Пока они играли, спустились сумерки. Она ждала его на дорожке – стояла, скрестив длинные загорелые ноги и уперев руки в узкие бедра, с выражением легкого нетерпения на лице. Впоследствии он будет видеть его еще не раз.

Он проводил ее до дома и хотел попрощаться (в тот момент она его скорее пугала, чем привлекала), но, поскольку двери в кибуце никогда не запирались, она, не оглянувшись, вошла в дом, как будто не сомневалась, что он последует за ней. Сразу за порогом она сняла рубашку мужа, повернулась к Моше спиной, давая ему еще одну возможность увидеть ее лифчик (уже не черный, а белый), и отправилась в ванную, откуда вышла замотанная в полотенце и велела ему тоже принять душ, чтобы дом не провонял потом, дала чистое полотенце и показала, где стоит швабра. Он вымылся, ликвидировал лужу на полу, но тут сообразил, что ему не во что переодеться. «Может, попросить что-нибудь у Айелет? – мелькнуло у него. – Или это неудобно?» Тут дверь приоткрылась. «Держи», – сказала Айелет, протягивая ему рабочие шорты мужа. Рубашку она ему не принесла.

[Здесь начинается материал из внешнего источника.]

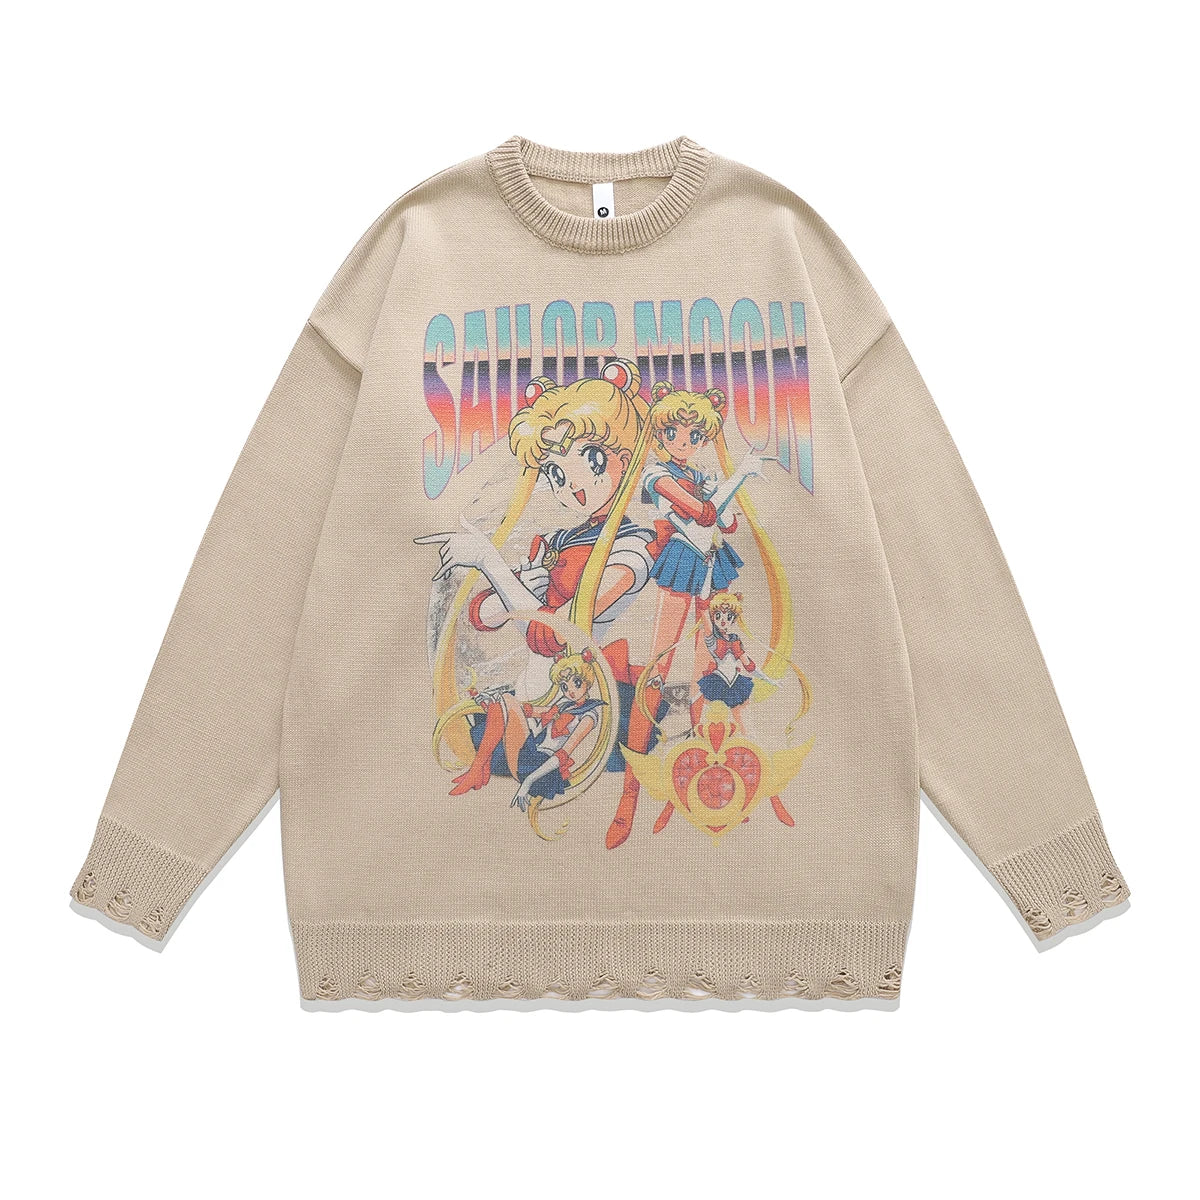 Anime New Jeans Sweater Apricot 3

Когда он вышел из ванной, она сидела на кровати голая. Полотенце валялось на полу. Прежде чем он успел пробормотать извинение и убежать обратно в ванную, она взглянула на него своими медовыми, светящимися на загорелом лице глазами и сказала:

– Посмотри на меня. Я хочу, чтобы ты на меня посмотрел. Не притворяйся невинным, приблудный. Я видела, как ты на меня смотрел. Я хочу увидеть это еще раз.

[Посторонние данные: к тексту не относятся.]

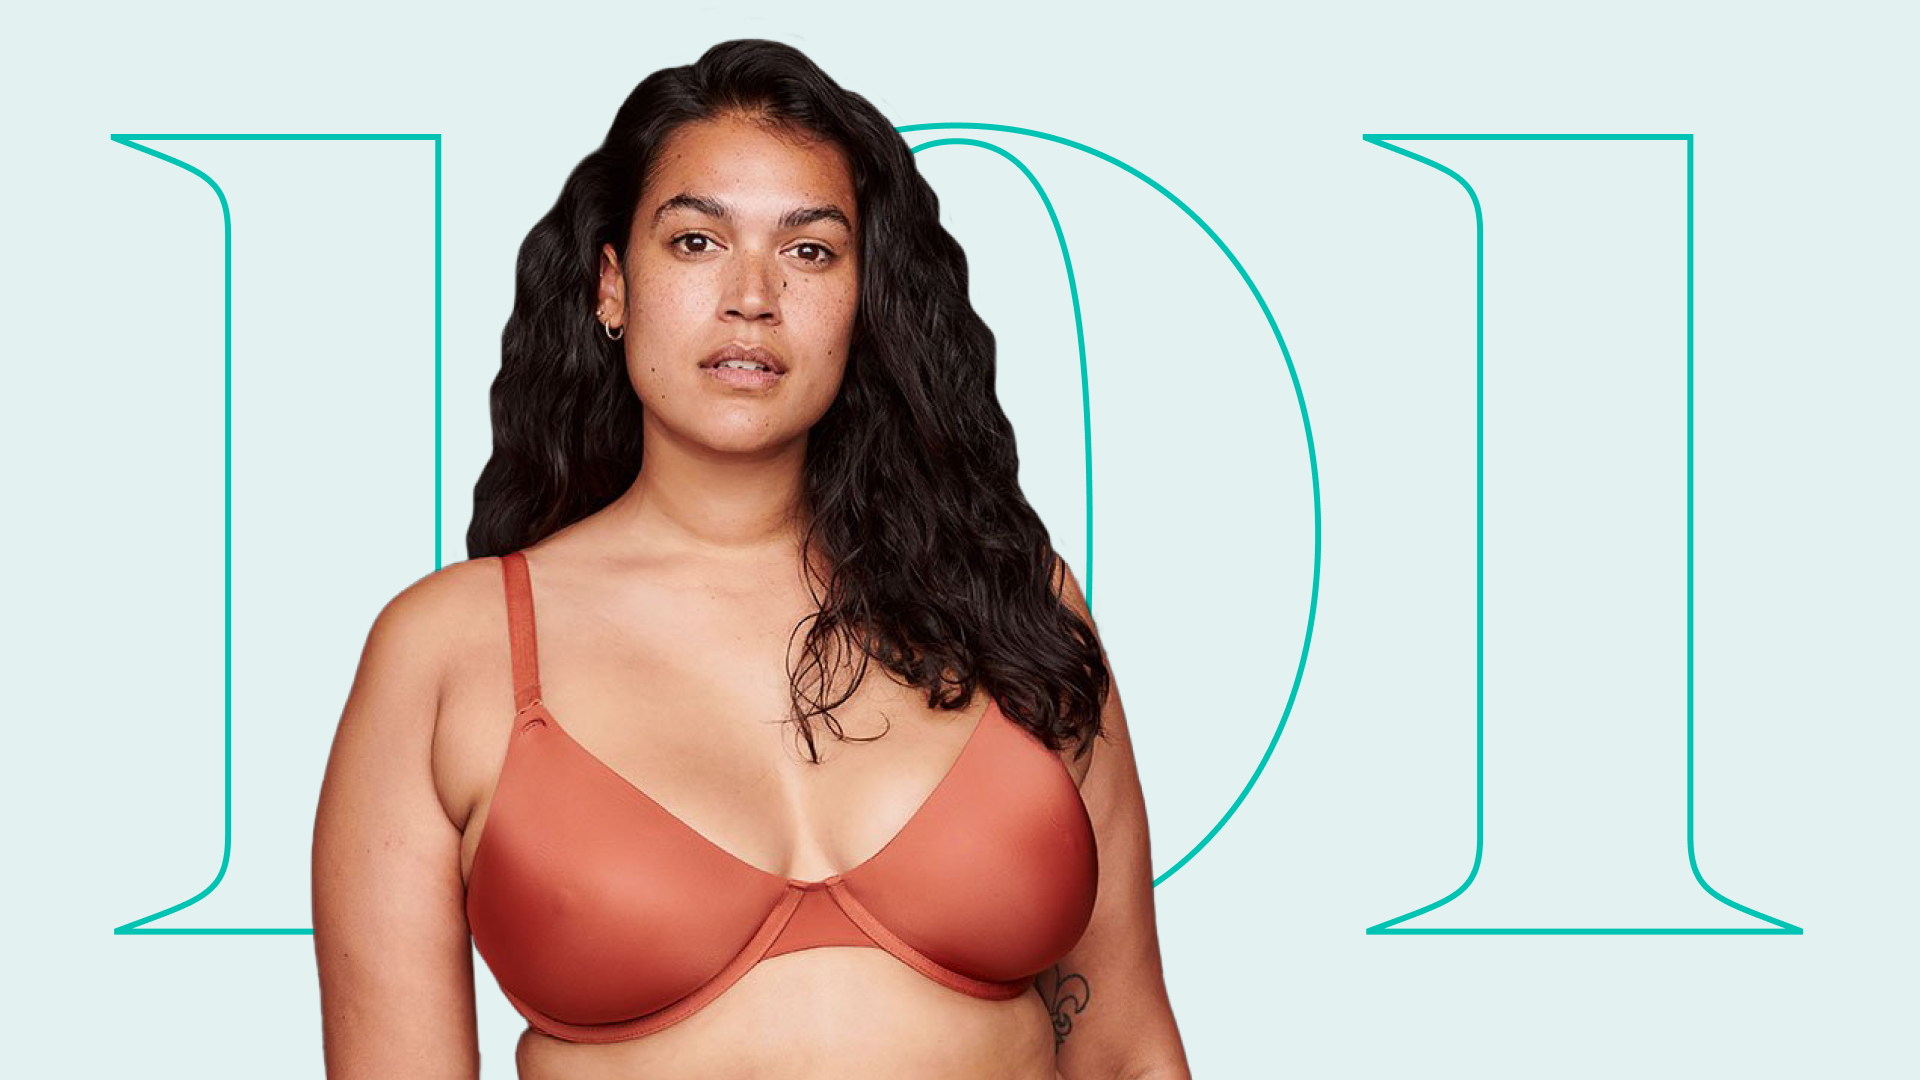 Let's talk about bras, baby.

В первые недели она требовала, чтоб он на нее просто смотрел. Потом – чтобы гладил ее по длинным волосам, как маленькую девочку. Медленно, неторопливо, от лба до затылка. Потом – чтобы лежал рядом, близко-близко, держал ее за руку и отвечал на вопросы, которых никто, кроме нее, ему не задавал.

– Что ты помнишь про свою мать, приблудный?

– Почти ничего.

– А все-таки?

– Платье. Помню, что у нее было зеленое платье.

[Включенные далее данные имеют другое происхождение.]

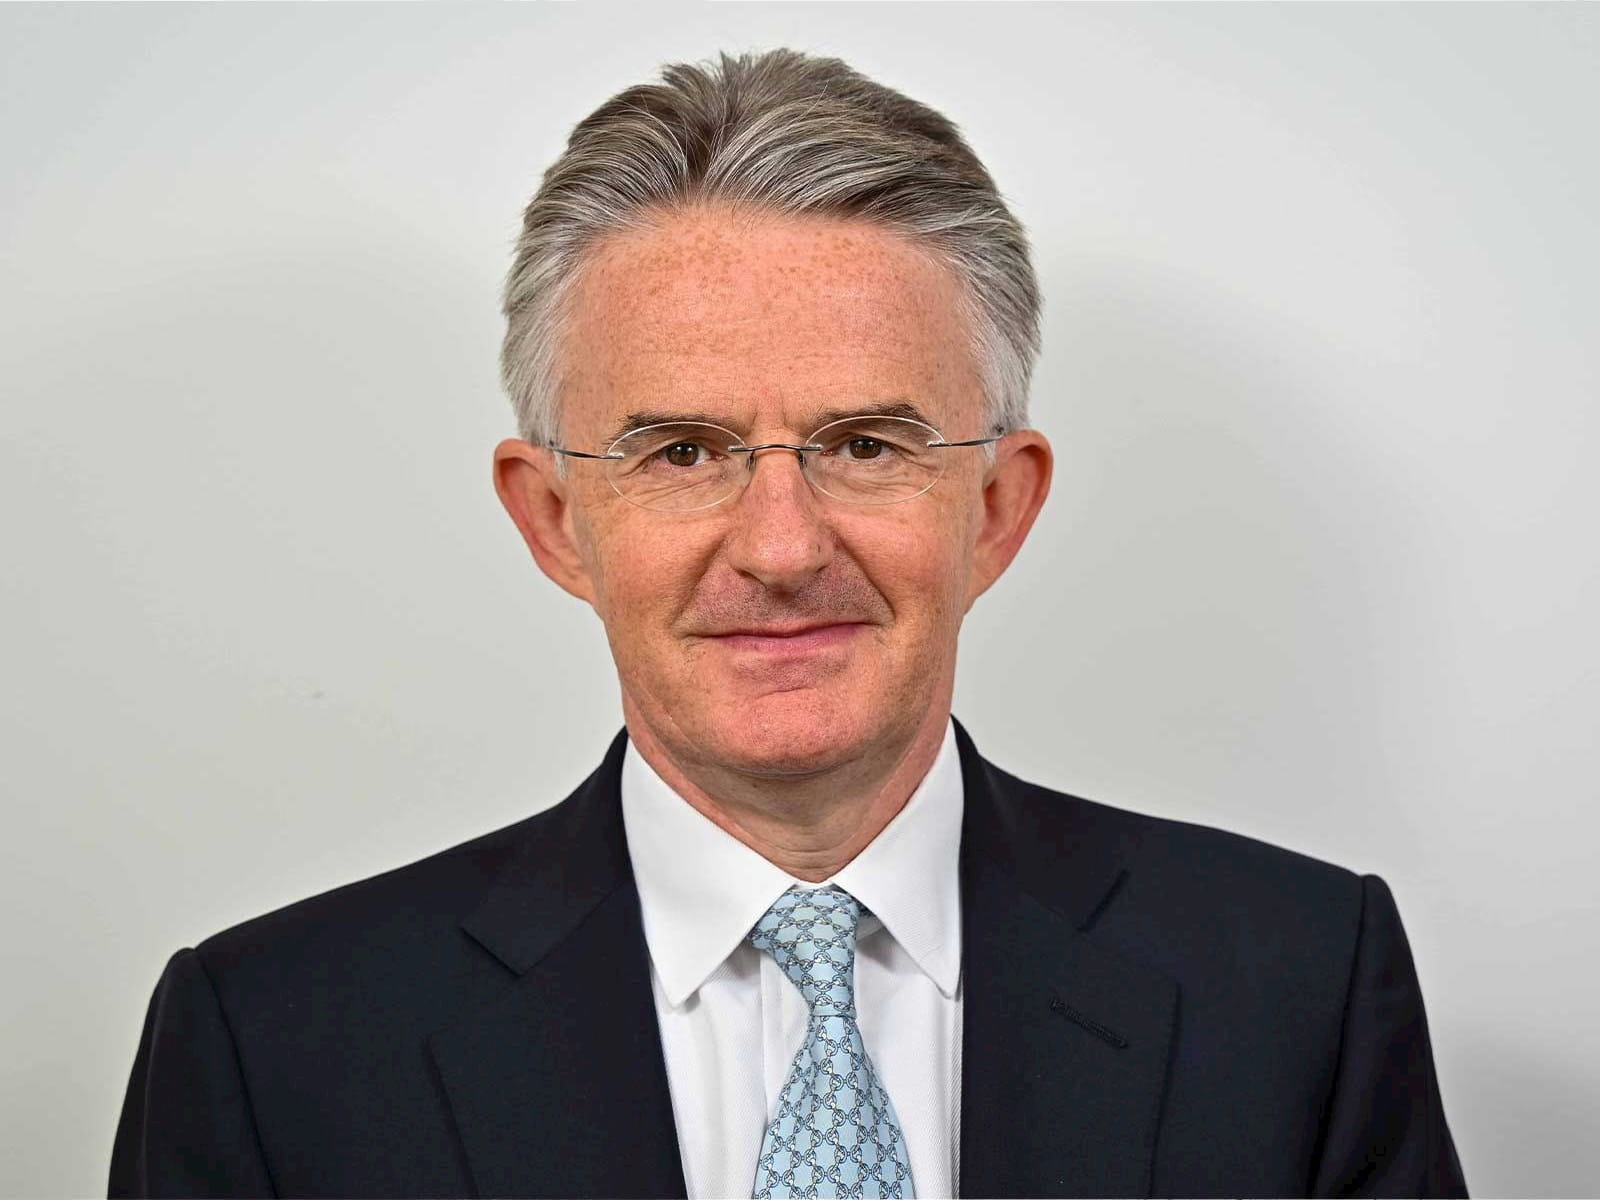 John Flint CHIEF EXECUTIVE OF THE UK INFRASTRUCTURE BANK AND FORMER GROUP CEO OF HSBC ICAEW Corporate Finance Faculty

– Светло-зеленое или темно-зеленое?

– Не знаю.

– А про отца?

– Ничего.

– Не может быть. Попытайся что-нибудь вспомнить. Для меня.

– Зачем тебе?

– Мне все про тебя интересно, глупыш.

– Не могу. Мне было всего четыре года.

– А ты попробуй, приблудный. Странно, что ты ничего не помнишь про своего отца.

– А ты? Ты что-нибудь помнишь?

– Почти все.

– А почему ничего не рассказываешь?

– Не спеши, – говорила она и начинала играть с его пальцами: накрывала их своими и перебирала; от каждого ее прикосновения у него бежали по спине мурашки. В тот момент ему больше ничего не было нужно.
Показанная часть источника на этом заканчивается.